Amis lecteurs, l'année 2007 se termine. Je souhaitais à travers cette note vous faire part de mes voeux pour l'année 2008, de vous souhaiter une bonne santé, beaucoup de bonheur en famille, de virées en voitures anciennes avec vos amis, et mille autres choses.
2007 fut encore une année difficile pour l'automobile. L'arrivée du bonus-malus me donnerait presque envie de renier l'article récent que j'ai écrit sur le Grenelle de l'environnement : encore une fois, la seule mesure concrète prise pour l'instant concerne uniquement l'automobile. C'est tellement plus facile...et sans risque, l'automobiliste étant l'être le plus passif au monde...

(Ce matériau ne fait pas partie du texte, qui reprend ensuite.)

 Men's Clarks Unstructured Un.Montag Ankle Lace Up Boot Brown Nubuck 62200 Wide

La prise en compte des émissions de C02, et non des polluants automobiles (dont les particules) relève de la démagogique. On se retrouve en effet avec des moteurs essence pénalisés, et des diesels plébiscités, alors que le bilan global n'est pas aussi contrasté entre les deux carburants. Il n'y a guère qu'en France, pays du gazole et, tiens, des petites voitures, que le diesel a autant de vertus...et pollue aussi peu ; mais bon, puisque c'est le choix qui a été fait...et qu'il est socialement acceptable, n'allons pas nous battre contre des moulins à vent.
Nous ne sommes pas à un raccourci près, et désormais, il vaudra mieux être célibataire, habitant si possible en ville, et roulant en smart qu'habitant à la campagne ou pire, à la montagne, avec une femme, un chien et trois enfants. Espérons que le "Grenelle" ne nous oblige pas un jour tous à vivre dans des studios, familles nombreuses comprises, en raison d'un bilan énergétique beaucoup plus favorable pour ce dernier que pour un 4 pièces. Mais arrêtons là le mauvais esprit, tout ceci n'est pas très sérieux (quoique, vous verrez...).

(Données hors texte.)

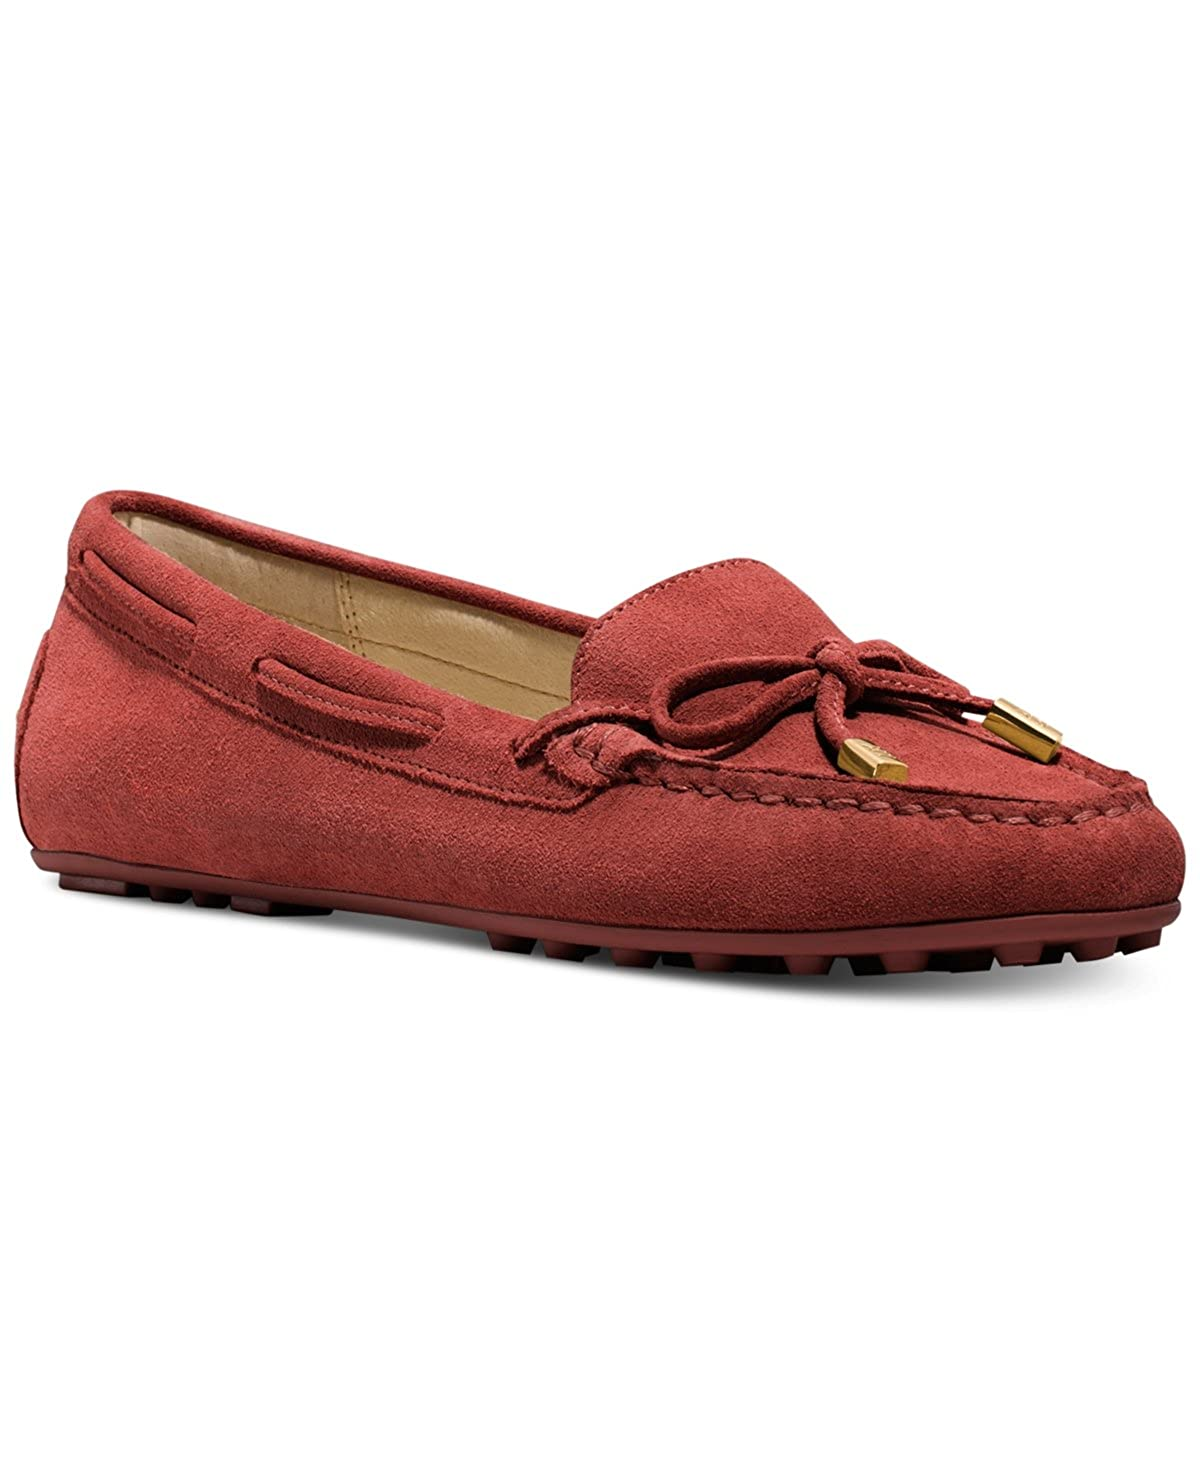 e4eb1c94b04f3 Amazon.com: MICHAEL Michael Kors Daisy Moc Flats, Size 7.5, Brick: Shoes

Année funeste pour l'automobile, donc, ce qui ne manquera pas de réjouir tous les anti-bagnoles, qui déploient une énergie et une haine assez considérables sur leurs sites internet que je consulte de temps en temps juste pour me tenir au courant et voir ce que certains irresponsables fanatiques et illuminés sont capables d'écrire (un exemple : allez faire un tour sur Antivoitures.free.fr, vous comprendrez).
Mais, au delà de l'automobile, stigmatisée finalement comme bien d'autres secteurs ou domaines d'activité, l'année écoulée me donne l'occasion de prendre un peu de recul, et de m'interroger, comme beaucoup, sur l'évolution du monde dans lequel nous vivons.
Une fois n'est pas coutume, je ne vous parlerai pas de mon sujet favori dans les quelques lignes qui vont suivre... Profondément optimisme, et clairement dans l'action, je constate malgré tout que l'année 2007 nous confirme que le monde est entré dans une zone de turbulences durables.
La déstabilisation du Moyen-Orient est profonde, et le fossé entre l'Occident et l'Orient plus grand que jamais. L'obscurantisme religieux se développe jusqu'aux portes de l'Europe, et certains sont prêts à tout pour imposer leurs croyances. Dans le même ordre d'idée, la montée des communautarismes menace. Face à l'émergence des grandes peurs millénaires, la société se replie sur des communautés, sortes de nouvelles tribus réconfortantes et protectrices, où le lien social et la solidarité sont particulièrement développés. Le problème est que sous chaque phénomène communautaire, l'intolérance guette : celui qui n'en est pas, c'est l'ennemi, et chaque communauté est prête à tous les extrémisme pour défendre ses idées, voire les imposer.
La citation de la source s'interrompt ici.